@Gregoshi
Here's an article I came across that may shed light on your feelings toward the score. The article isn't about Dunkirk, but it does take on "the new Hollywood sound" and how the pairing of Chris Nolan and Hans Zimmer have helped develop it.
As it's quite a long article, I'll convey the highlights:
The key event in the timeline is Inception and BRAAAM
Film doesn’t usually ask us to be as good at listening as at looking. In fact, film sound tends to be at its most effective when it hovers at the very edge of our awareness. We are meant to register BRAAAM as new and different, but we aren’t well-equipped to say what, exactly, makes it different. Six years after its release, Inception invites us to think about our relationship to film music and how it has transformed over the last generation — from a moment when the average blockbuster soundtrack sounded like Richard Wagner, to a moment when the average blockbuster soundtrack sounds like, well, BRAAAM.
The new sound of Inception, and many other action-y or super-serious blockbusters since, is a minimalist sound designed to break the old boundary that existed between movie score, and movie sound design. It is a dissonant, punctuated sound, typically assembled into several-note motifs that shun typical instrumentation and melody.
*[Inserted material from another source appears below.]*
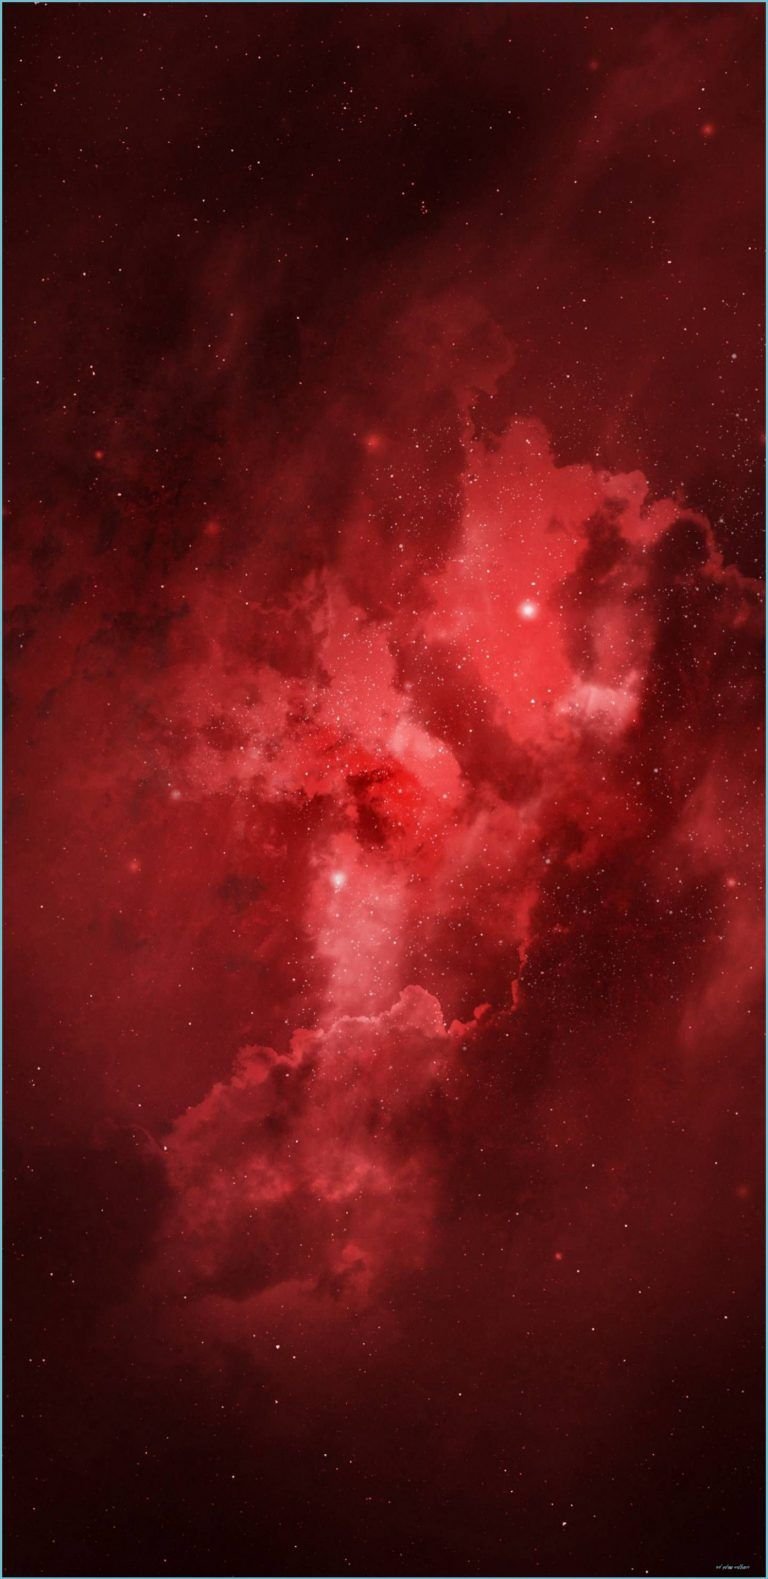 Red Nebula Galaxy IPhone Wallpaper Iphoneswallpapers Com  IPhone Wallpapers   iPhone Wallpapers
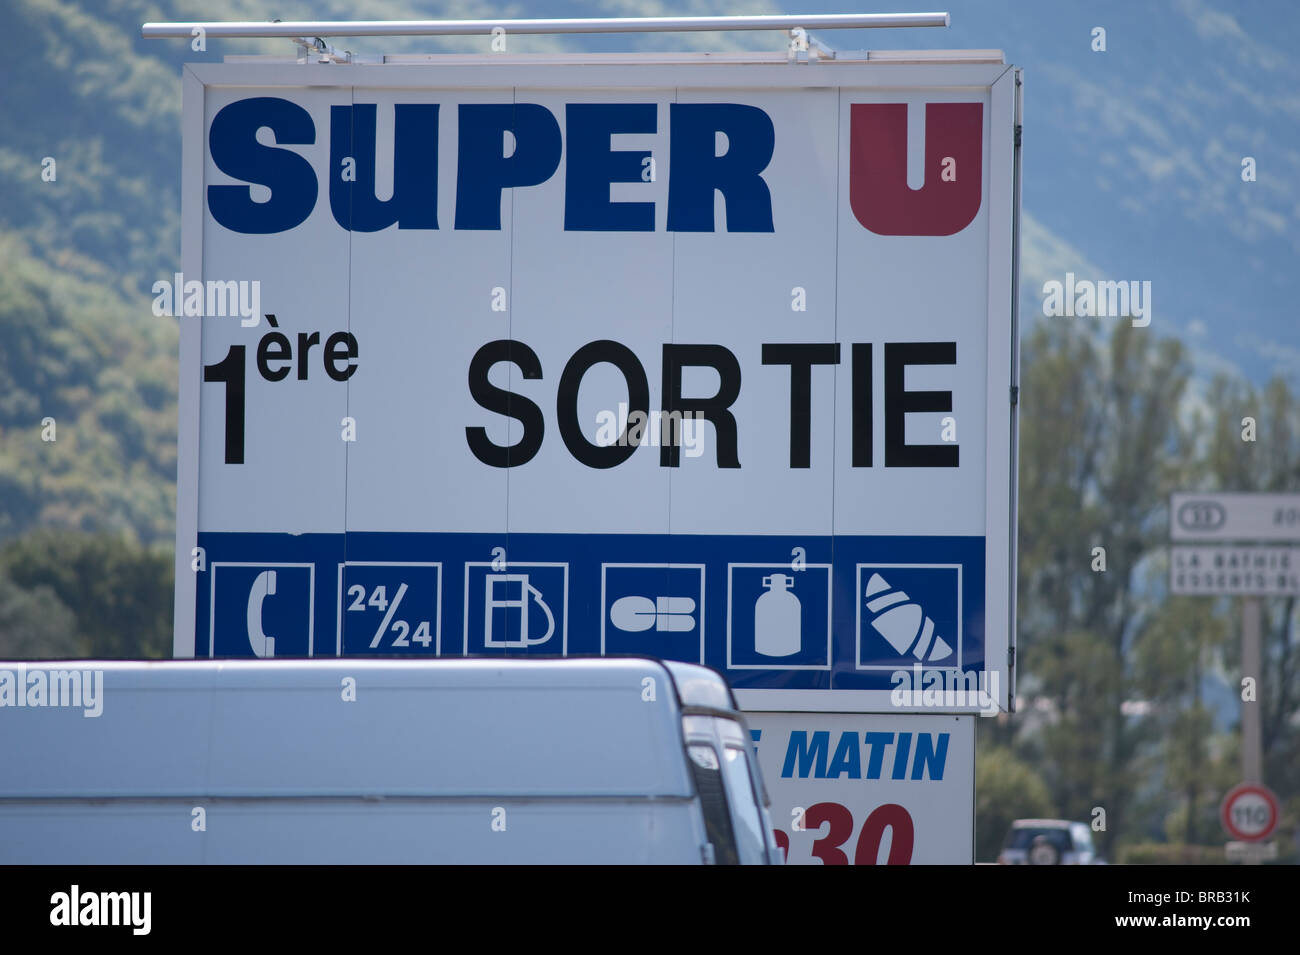 Super U supermarket sign in alpine France Stock Photo

The sounds used are often sampled, resampled, and modulated like in modern electronic, dance, trance, or house music, utilizing one or a few persons with a computer rather than an orchestra band as in the past.
In the past then, as typified by the summer blockbuster and John Williams (my personal suggestion for a reference), movie music was dominated by neo-romantic/classical orchestral scores that looked back at 19th-century Europe and its aesthetics, but as noted modern movies of the past decade or less - that is, largely the same ones that would have in the past have exemplified the classical-romantic idiom - have started to experiment with mixed sound design and score, and in a self-referential or co-referential (especially of modern classical composers) way that leads to the same spare, brooding sound across movies. However, while the past era of music could stand alone from its accompanying film, the new music is heavily integrated into its own specific film, creating a unique yet unmemorable sound that doesn't transfer well out of the context of that one movie it permeates and its content and editing. The article describes the sound as "both massive and curiously thin".
So now we recognize the music as being "movie" music. Its "massive and curiously thin" sounds are designed to intertwine visual and aural in a nervewracking way, sounds and tempos that are meant to disturb and disorient the viewer, "freak you out".
Obviously not all movies have come to sound like this. The point is about those genres that have, particularly action movies, and how it directly replaces the old orchestral melodies. There's plenty of other information in the article, but if you like here's some of the critique of the new style toward the end of the piece:
Soundtrack minimalism is an aesthetic ostentatious in its restraint: see what we’re not doing, it says. Please notice what we don’t sound like. Much of modern prestige TV aims to sidestep all the hallmarks of now-maligned ’70s, ’80s, and ’90s television-making — episodic storytelling, lesson-learning, uplift, the reset button technique — and recognizably thematic soundtracks are among them. Unusual orchestration, like counterscore (the practice of pairing a massive set piece with a highly reduced sound, like a climactic battle using just a piano or a single voice), wants us to notice the distance from an established, perhaps even clichéd, filmic soundscape, even as that soundscape itself is making rarer and rarer appearances.